Now, after almost 60 years, the tooth is finally heading home. A Belgian judge has ordered it to be sent back to Mr Lumumba’s family in what is now the Democratic Republic of Congo (DRC), where it can be laid to rest.
The return of the tooth is an uncomfortable reminder for Belgians about a horrendous episode in their history with the Congo. Mr Lumumba, a charismatic anti-colonialist, was brutally murdered in the aftermath of Congo’s independence, with Belgium’s security services, the CIA and even MI6 plotting his downfall. As Belgium comes to terms with its appalling legacy in Congo, Mr Lumumba stands out as a defiant voice against imperial oppression.
The court decision last Thursday came in response to a letter written in June by his daughter, Juliana Lumumba, to Belgium’s King Philippe to explain how her father was, “a hero without a grave. A dead person without a funeral. A body without bones”.
She hailed the tooth’s return, “because at last, 60 years after his death, the mortal remains of my father, who died for his country and its independence and for the dignity of black people, will return to the land of his ancestors”.
Mr Lumumba, a former travelling beer salesman and postal clerk was a co-founder in October 1958 of the Congolese National Movement (MNC). He was in prison in January 1960 when the Belgian government convened a round table conference in Brussels to discuss independence. Mr Lumumba was released and flown to Brussels. As independence approached, the MNC won the first free elections and he was named as prime minister. He was just 35.
Mr Lumumba was courageous, intelligent and passionate, but inexperienced. He expressed the idealism of self-determination and used his platform to powerful effect. Speaking at Congo’s 30 June 1960 independence ceremony next to Belgium’s then-King Baudouin, he lashed out at the former colonial masters for forcing “humiliating slavery” on the Congolese people.
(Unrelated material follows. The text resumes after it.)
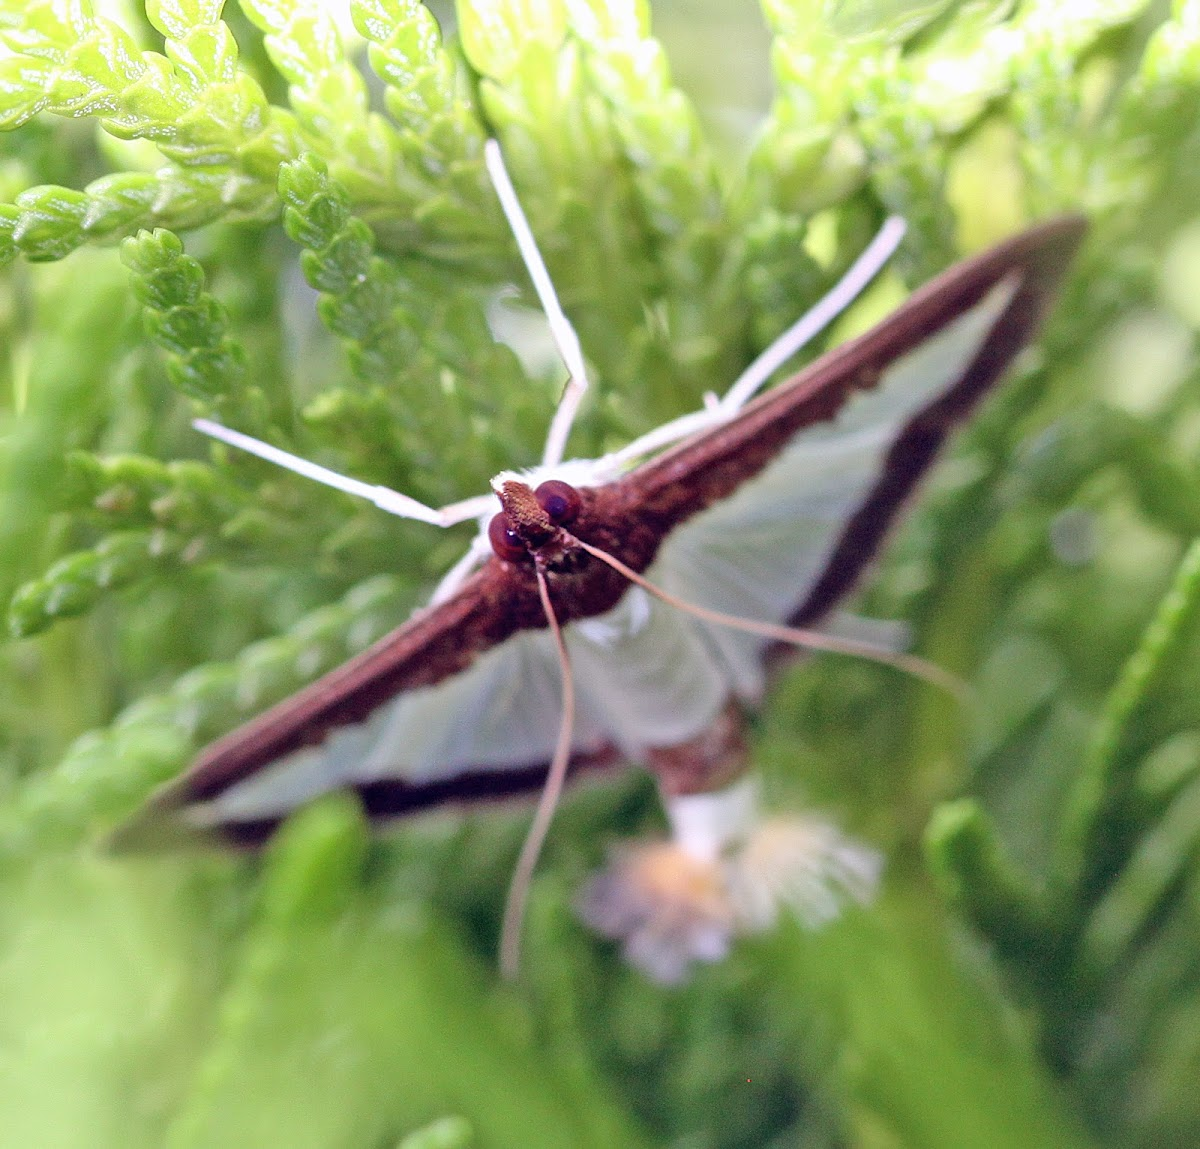 Cucumber Moth or Cotton Caterpillar

“No Congolese will be able to forget that independence was won in a struggle of blood, fire and tears,” he declared. His speech fired Africans with a sense of indignation at their colonial past.
But Mr Lumumba’s time in power was short, just 10 weeks.
Within days of independence, the country plunged into crisis as the army mutinied and the mineral-rich Katanga province attempted to break away. Belgium sent in troops to protect its nationals and United Nations peacekeeping forces arrived to stop them from reasserting Belgian rule.
The UN Secretary-General Dag Hammarskjöld himself would die later in 1961 in a plane crash as he tried to broker peace talks between the Congo troops and Katanga forces – with the CIA, MI6 and the Belgians again suspected as playing a part in his death.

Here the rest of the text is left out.